In the analysis of the functioning of a pump he theorized correctly that air pressure is the cause and not the then popular theory of horror vacui (“nature abhors a vacuum”
In his time, he was considered to be one of the most educated men in Europe. For example, he had deeply impressed French polymath Marin Mersenne, despite their opposing religious views, as well as astronomer and mathematician, Pierre Gassendi, who apparently had been introduced by Beeckman to the philosophy of Epicurus and atomism. Gassendi stated in a 1629 letter that Beeckman was the greatest philosopher he had ever met.
Here is a 16th century Dutch recipe for gooseberry omelet taken from Seer excellenten gheexperimenteerden nieuwen Coc-boeck (The very excellent and tried new cookbook) by Karel Baten (Carolus Battus) published in 1593:
Om een tasey van stekelbesyen te backen.
Neempt versche boter ende smeltse in een panne. Doeter dan soo vele stekelbesyen in datse bycans twee vyngeren hooch liggen ende laetse met de boter een weynich sieden tot datse maer recht hen coleur verloren hebben. Clopt dan wel cleyn 7, 8 ofte 9 eyeren met wat gengeber ende wat rooswaters. Gietet tsamen over de besyen ende latet so over een coolvyer backen dat niet en brande. Als de tasey genoech gebacken is, so laetse properlick uut de panne in de schotel rijsen datse niet en breke. Dan stroyter suycker ende caneel op ende dientse.

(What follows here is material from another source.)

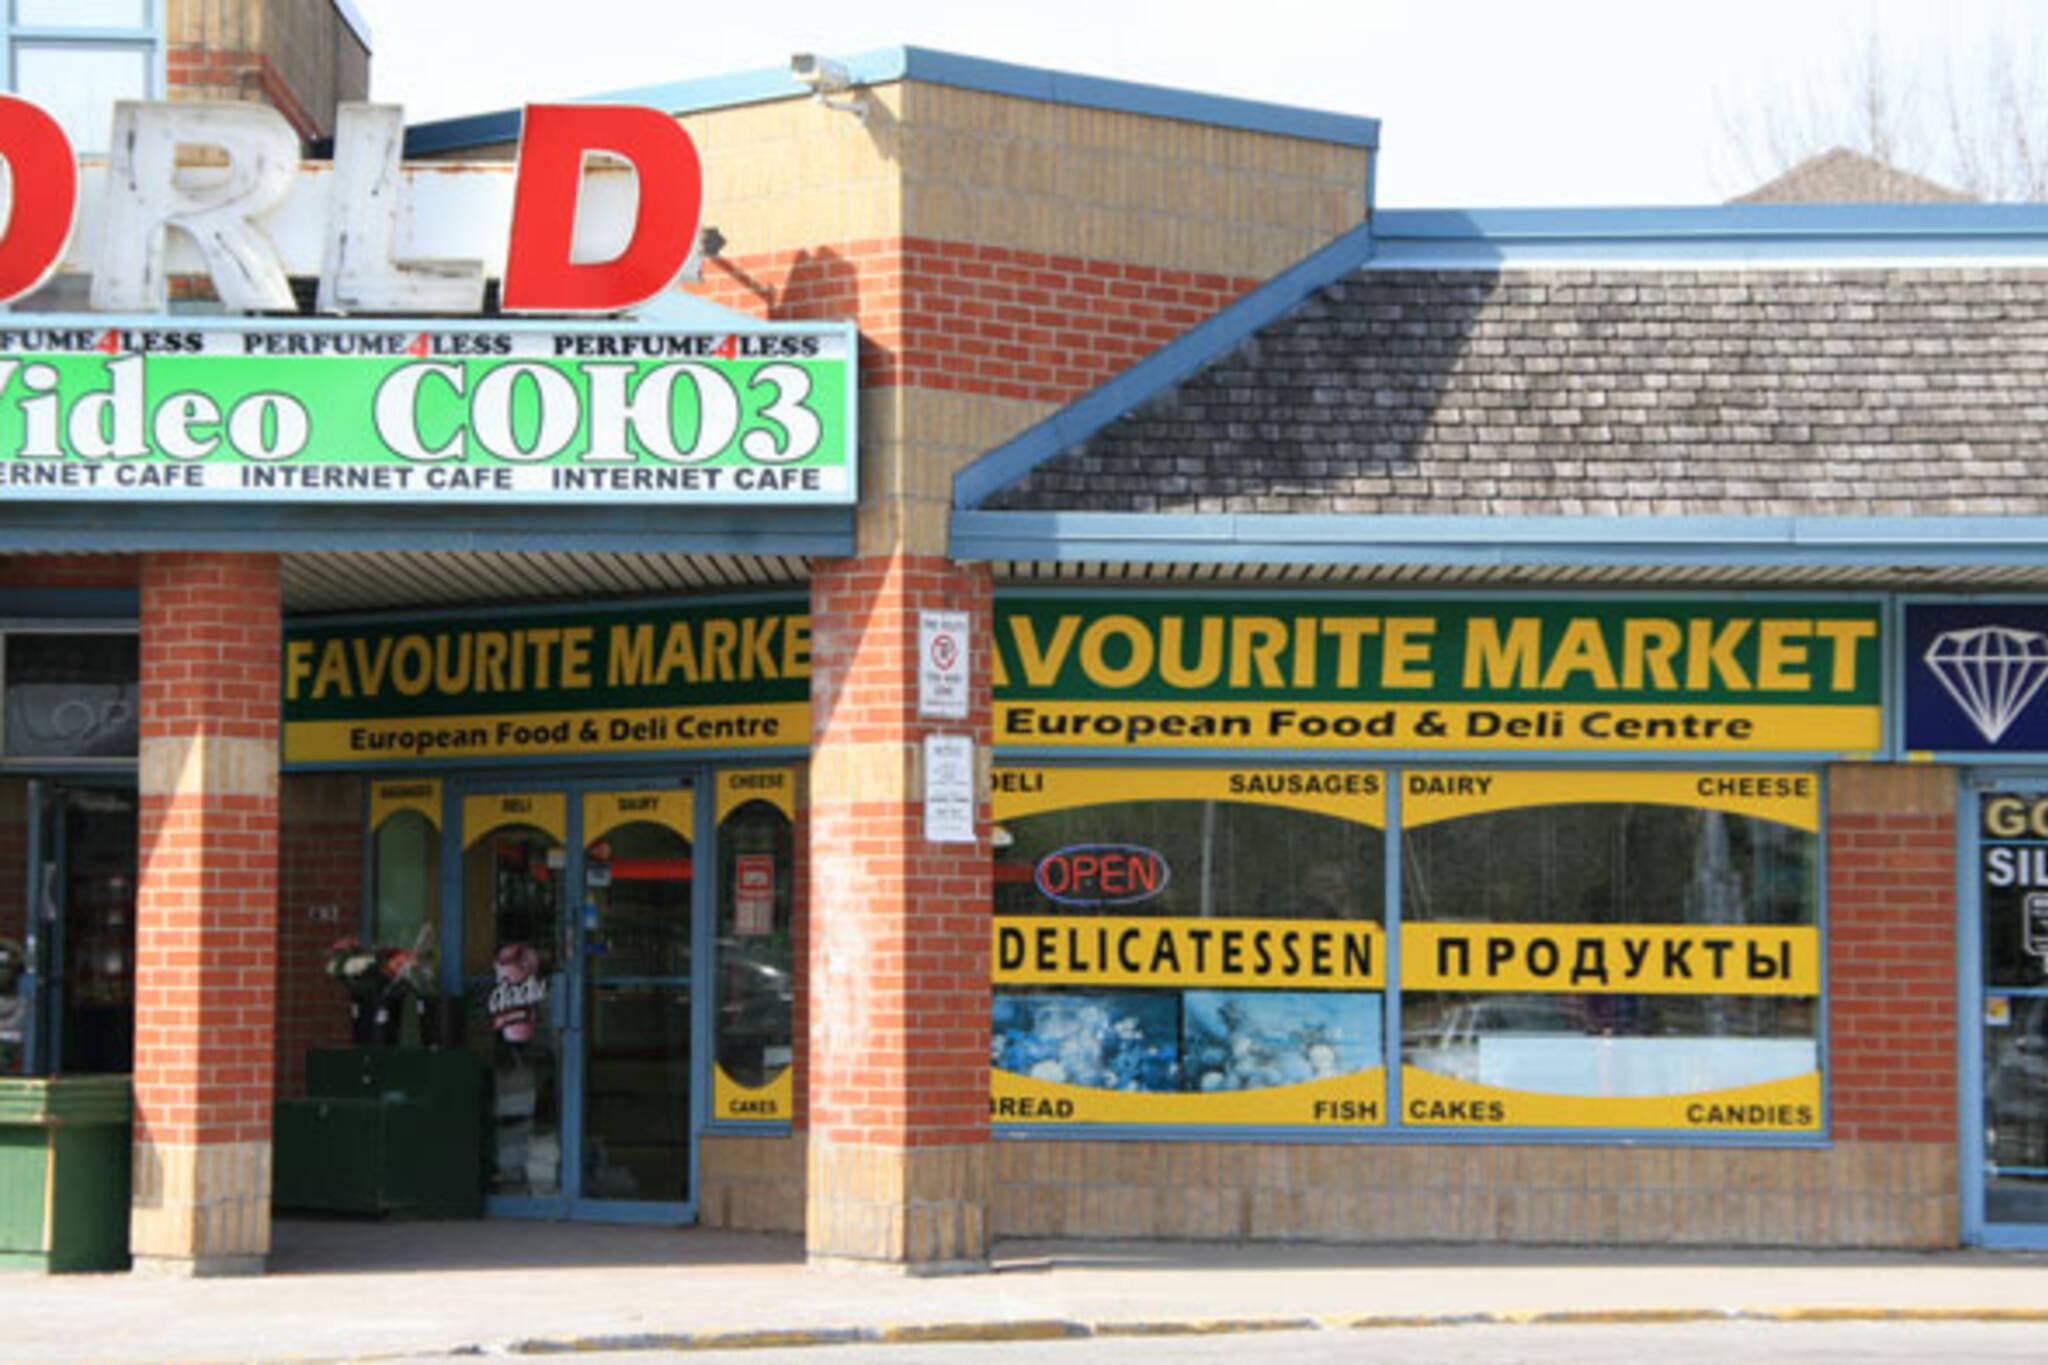 Favourite Market

To bake an omelette of gooseberries.
Take fresh butter and melt it in a pan. Add gooseberries so that they are almost two fingers high and let them simmer in the butter until they have lost their color. Then beat 7, 8 or 9 eggs with a little ginger and rosewater. Pour this mixture over the gooseberries, and let it bake over a coal fire without burning. When the omelet is done, let it glide from the pan on to a dish without breaking. Then sprinkle sugar and cinnamon on it and serve.